Cast: | Richard Basehart, Scott Brady, Roy Roberts, Whit Bissell, Jack Webb |
Genre: | Crime/Film-Noir/Drama |
Director: | Anthony Mann & Alfred L. Werker |
Screenplay: | John C. Higgins & Crane Wilber from Wilbur's story |
Cinematography: | John Alton |
Composer: | Leonid Raab |
Runtime: | 79 minutes |
Certain filmmaker’s styles seem to only work if strictly adhered to. Robert Bresson was in his infancy in 1948 having made Les Dames du Bois de Boulogne; full refinery of his style wouldn’t come until 1956’s A Man Escaped. This tight little Poverty Row film actually contains many characteristics that would become associated with the work of Bresson (and Jean-Pierre Melville), even though they are largely used for different ends.
Despite all these Bressonian elements, the film is largely done in an expressionist style that regularly evokes Fritz Lang. John Alton’s brilliant geometric cinematography uses square and rectangle sets, but turns them diagonal through his angular camera placement. Alton uses deep focus photography, but our attention is somewhat directed because circular objects offset the square architecture. Continuing his experiments with high contrast black and white, floods of light are often all that illuminates the extremely dark screen. In most cases, the foreground is dark with the light residing in the outer edges of the frame to create an effect that’s arguably as close as a two dimensional film can come to looking three dimensional.
I wouldn’t think the combination of Bresson & Lang could possibly work, but Bresson takes care of the meticulous everyday scenes of the individuals while Lang makes the cat and mouse game exciting. The problem with procedural films is they tend to be rather dull and propagandistic. Good and bad are clearly defined and the outcome is a given since so much time is devoted to agency aggrandizement. There is no deeper message than crime doesn’t pay as long as the force has a few good men and the citizens support their local sheriff! Instead of only following the good guys, He Walked splits the time between cop and robber, allowing the audience to be impassive observers of the facts.
The main problem with Walked is the characters are paper-thin. Though he has no redeeming personal qualities we can’t help but respect the bad guy’s skills and smarts. After all, he stays one or two steps ahead of the entire police force without anyone’s help. The cop killer Roy Martin (Richard Basehart) is based on Erwin “Machine Gun” Walker, but essentially all we learn about him is he’s a detached, paranoid, alienated, disenchanted WWII veteran whose only relationship is with a dog. He’s an electronics wizard and someone that certainly doesn’t have to rob and kill, but like the cops all we see him doing is his job.
Alfred L. Werker was replaced a few weeks into production. Though he still receives directorial credit, it’s clear from watching Railroaded!, T-Men and Raw Deal that the film belongs to Mann’s series of crime noirs. Though John C. Higgins contributed the script to all four, it’s first and foremost the composition and chiaroscuro camerawork of John Alton, who lensed the final three, that indicate Mann’s direction.
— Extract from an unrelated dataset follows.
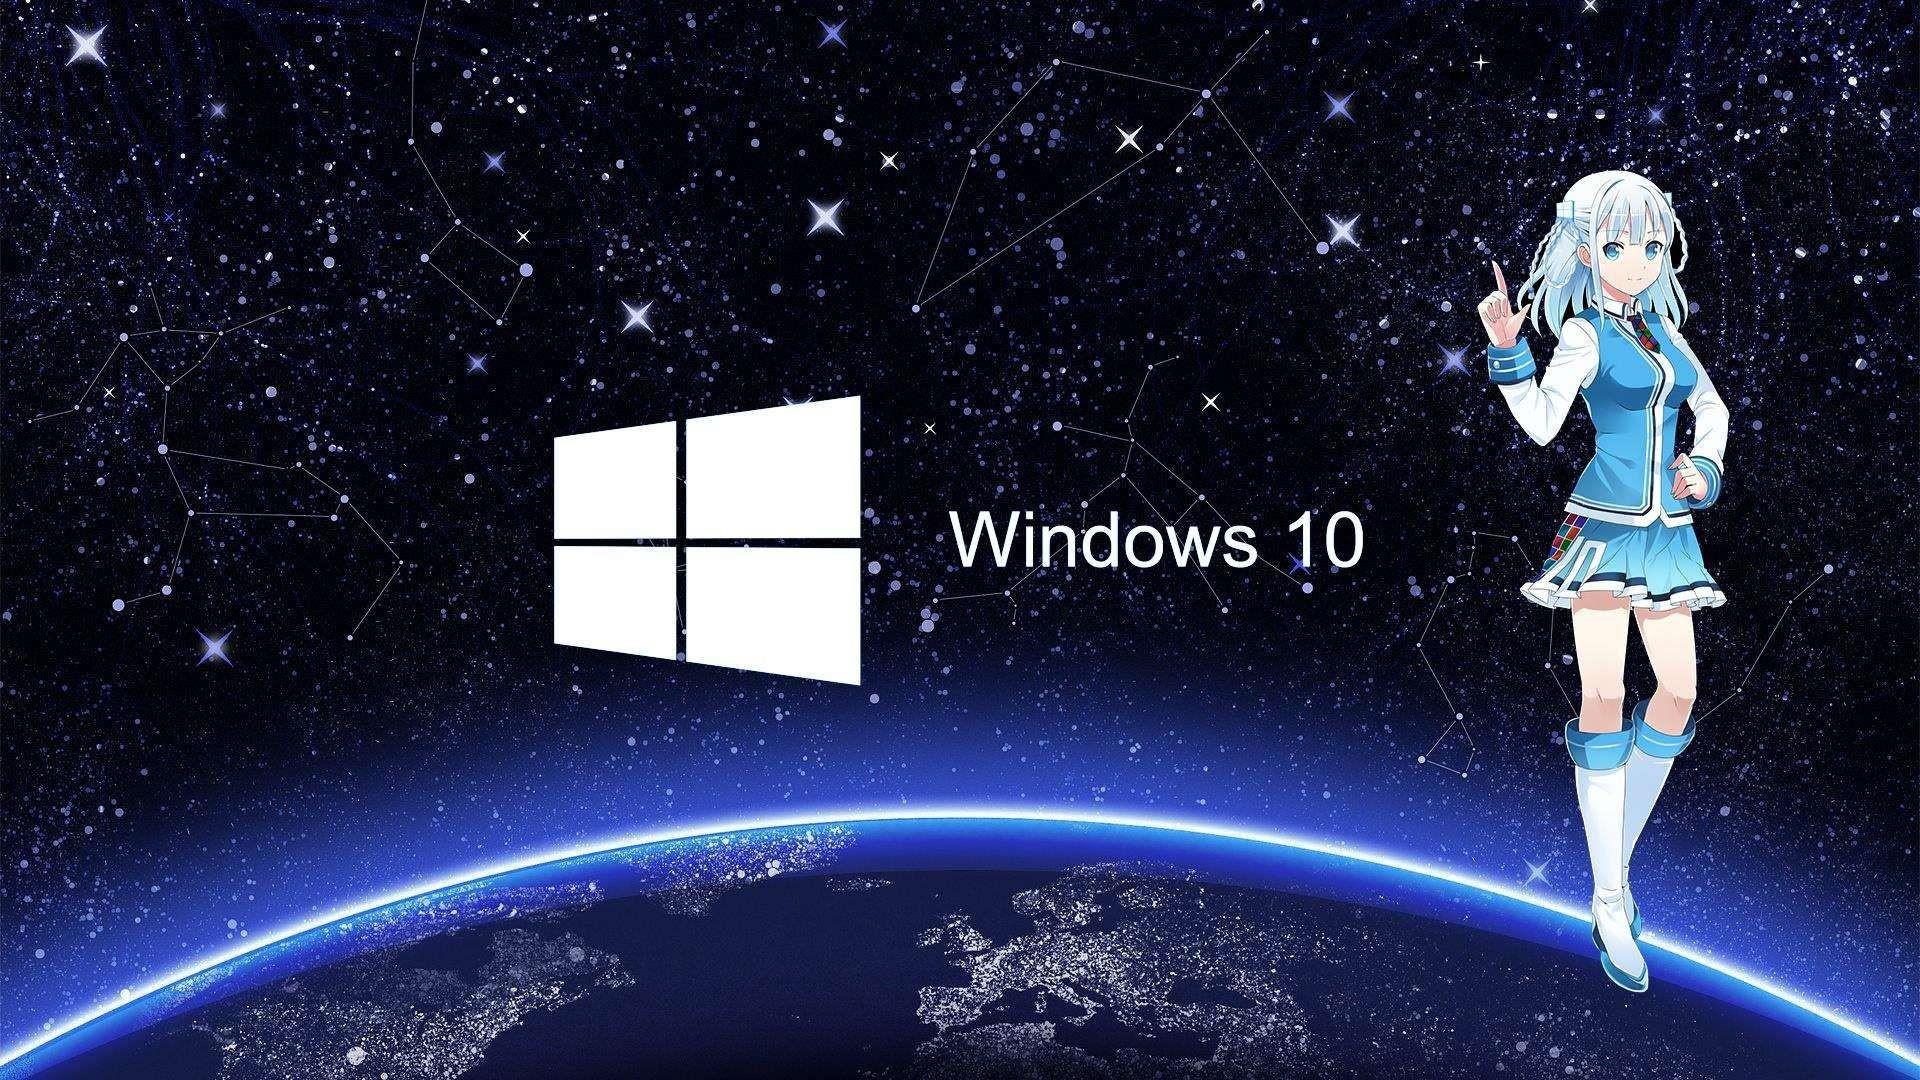 19 Live Wallpaper Anime Pc Windows 10 Baka Wallpaper

The final scene where Roy tries once again to utilize the miles of storm drain tunnels under Los Angeles to escape the police is one of the all time greats. The fact that it’s not only superior to the tunnel chase in The Third Man, but filmed a year prior to Carol Reed’s masterpiece should tell you something about the visuals the Mann and Alton combo deliver. The scene emphasizes the many fine qualities of Mann’s crime noirs, it’s tense, suspenseful, claustrophobic, mazelike, and brilliantly lit (largely by the flashlights the cops are carrying). He Walked by Night isn’t Mann’s deepest film, that would be The Naked Spur. You could easily argue that T-Men or Raw Deal were visually better; I think the composition is more carefully constructed in Walked but there aren’t as many scenes that lend themselves to flashiness. Perhaps the film looks better when compared to everything else rather than Mann’s own work, as I’d gladly stack this up against any police procedural America ever produced.